Not too much to report today. Physically, I am feeling better and growing stronger every day. I can now get up and down off the couch with ease, turn over in my bed, and yes, my friends, I can shave my legs! Can I get a whoop WHOOP?!
I still am unable to sit at the table with the family, but I think that will be a possibility within the next week. And even though I am feeling better, I recognize that I am still very weak. Just taking a shower wipes me out and makes my joints ache.
So, as I said, growing stronger every day... but not there yet.

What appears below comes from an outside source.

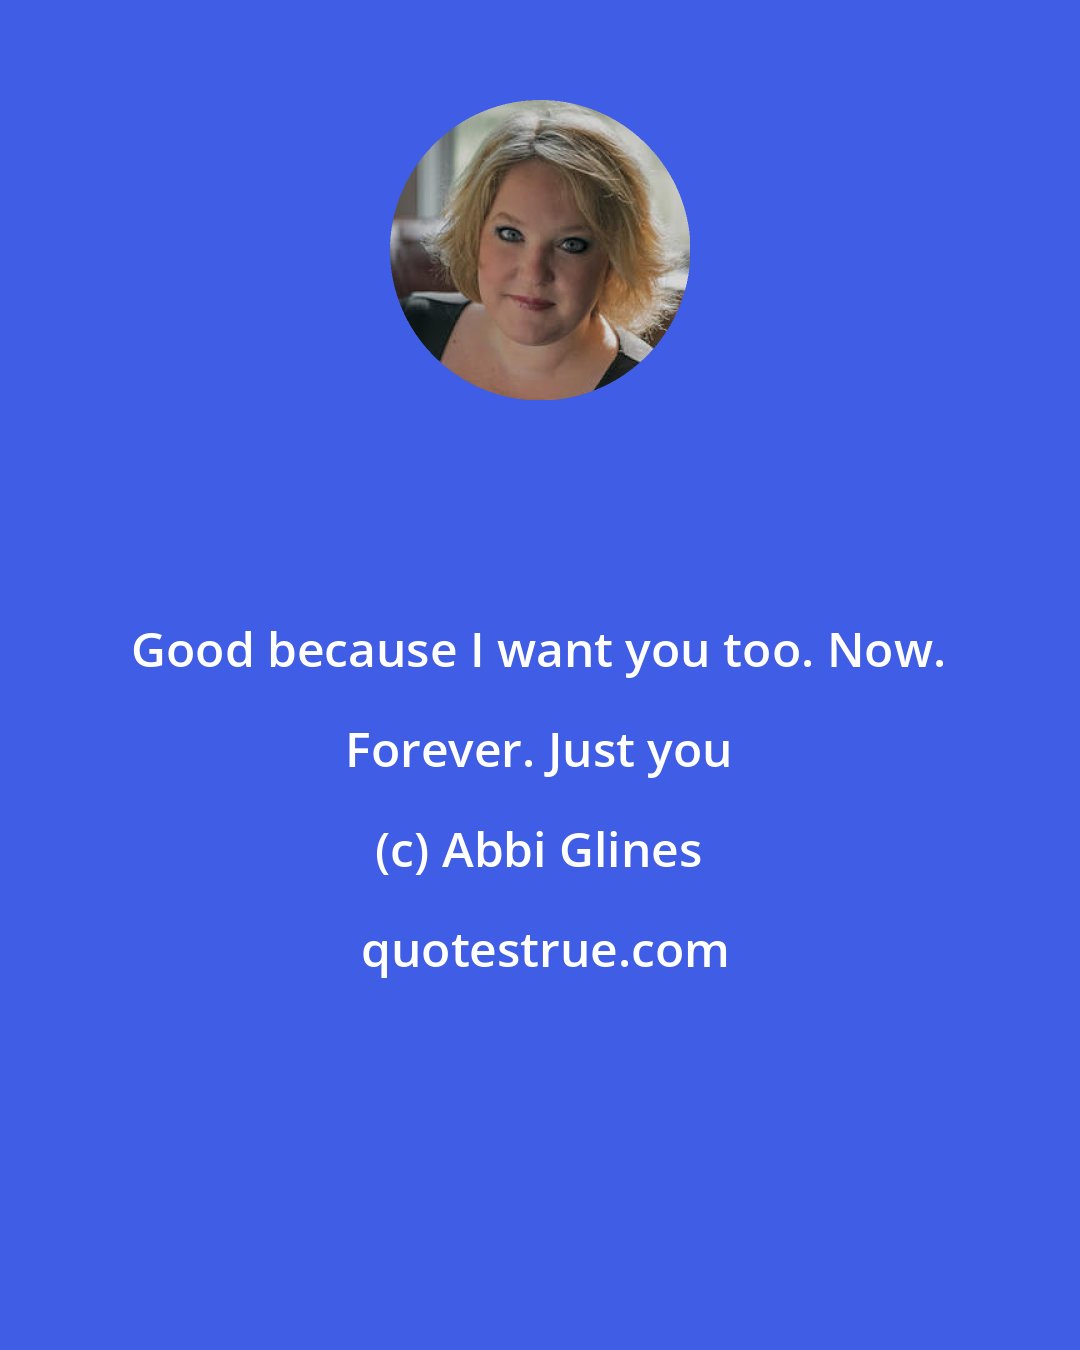 Abbi Glines: Good because I want you too. Now. Forever. Just you
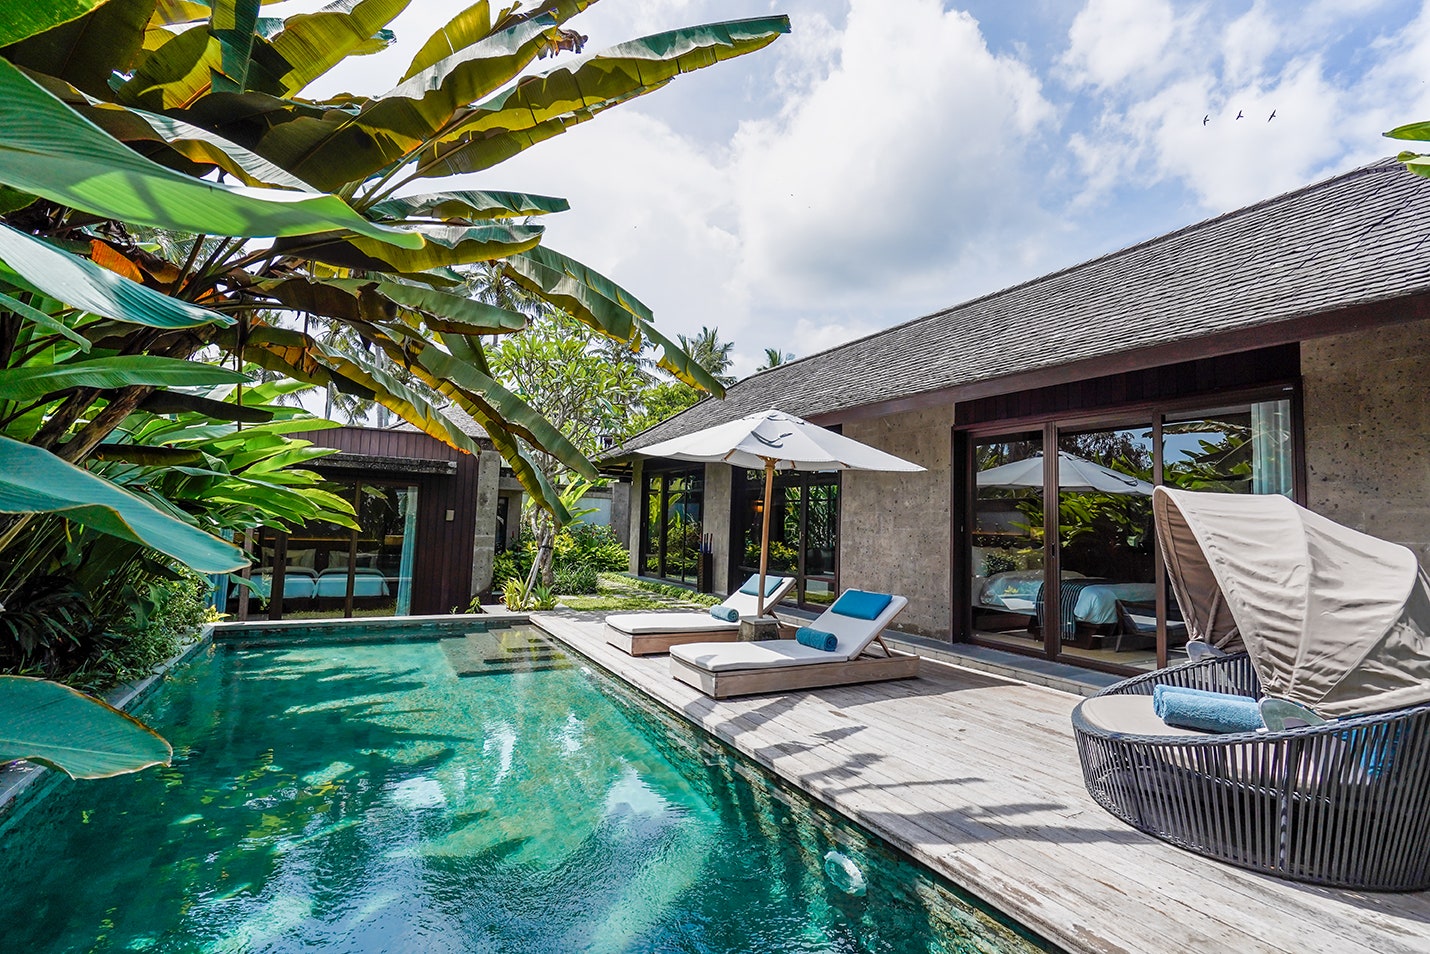 <p><strong>Tabanan</strong></p> <p>Tucked between the rice fields of Tabanan, a little-visited rural enclave on Bali's southwestern coast, Nirjhara feels like a hush-hush hideaway for the island's in-crowd. At the pool, overlooking the hotel's rambling waterfall, you'll find a stylish bunch of linen-clad expatriates, off-duty models, and high-society Indonesians on weekend jaunts from Jakarta. Between poolside sessions, they'll hop to the spa for flower baths or Ayurvedic marma-point massages, stop for yoga classes in the all-bamboo riverside shala, or venture out for trips to the nearby Tanah Lot temple on the complimentary guided bike rides. Nirjhara's lodgings—all straight lines, honey-hued woods, and Indonesian textiles—range from villas with balconies above the river to multi-bedroomed, private-pooled mansions with lush jungle views. If private pools are no priority, consider the Canopy Suites—these stilted tree houses surrounded by a palm grove come with brilliant rooftop decks overlooking the rice fields. And when Tabanan starts to feel a little too isolated, Canggu's buzzy bars and restaurants are just a short drive away.</p> <div class="callout"><p><a href="https://cna.st/affiliate-link/7EaqjGTiGVEZLzw7dtDbaNV19tv3GB292XQUmXXjBeZmXJw4YG2Bg8vEz9PqTk1F9jpiAc24qHdJBXmQSEeWGcNgYj3zXrh3YGQFtpEWNUPhM6RvZ2Te2ePf47aSP155n2NhN87RaqbkYNgJDHKHS" rel="sponsored" title="Book now with Booking.com">Book now with Booking.com</a></p> <p><a href="https://cna.st/affiliate-link/2FTC5bHweKNXngBbWiRH7D5k3FvfWq6GyqH7sx2FXQvGUXwuoGtsV9KTpxMRrYfG5HfHLU8cpJkYykuqvKgXQFmD4NDZZX43oRKsqcyWB52KHomgKxSjy2HFmBygkXgvoJJR6JwSoueToeUE7gpNjTCJjKLtM18mSJbgv2A99ThsRQsZKJoKDskfXfyrQ" rel="sponsored" title="Book now with Expedia">Book now with Expedia</a></p> </div><p>Sign up to receive the latest news, expert tips, and inspiration on all things travel.</p><a href="https://www.cntraveler.com/newsletter/the-daily?sourceCode=msnsend">Inspire Me</a>

Hormonally and emotionally, things seem to be back to normal (whatever that is). The waterworks have dried up, and the feelings of on-the-verge panic have subsided. I still cannot think too in-depth about the delivery without reigniting those feelings, but the Lord is helping me to focus my thoughts elsewhere when those fears start creeping up on me. "What time I am afraid, I will trust in Thee."
I am really looking forward to today. Grandma, Grandpa, and Chloe have taken off with one of the pastors to hit the highlights in Seoul. That leaves me and the little one alone. I'm almost beside myself not knowing what to do first (after I blog, of course. I do still have my priorities, people).
So I think I'll do a little reading: Transforming Grace by Jerry Bridges, and Tuesdays With Morrie by Mitch Albom.
Then perhaps watch a movie: Finding Neverland
I suppose I should throw a nap or two in there for good measure.
Lest ye think I'm being just plain lazy, I'll have you know that I did just start a load of laundry, and I do plan on hanging it up before the day is done. I'm nothing if not ambitious.
It's a hard life, folks, a haaard life.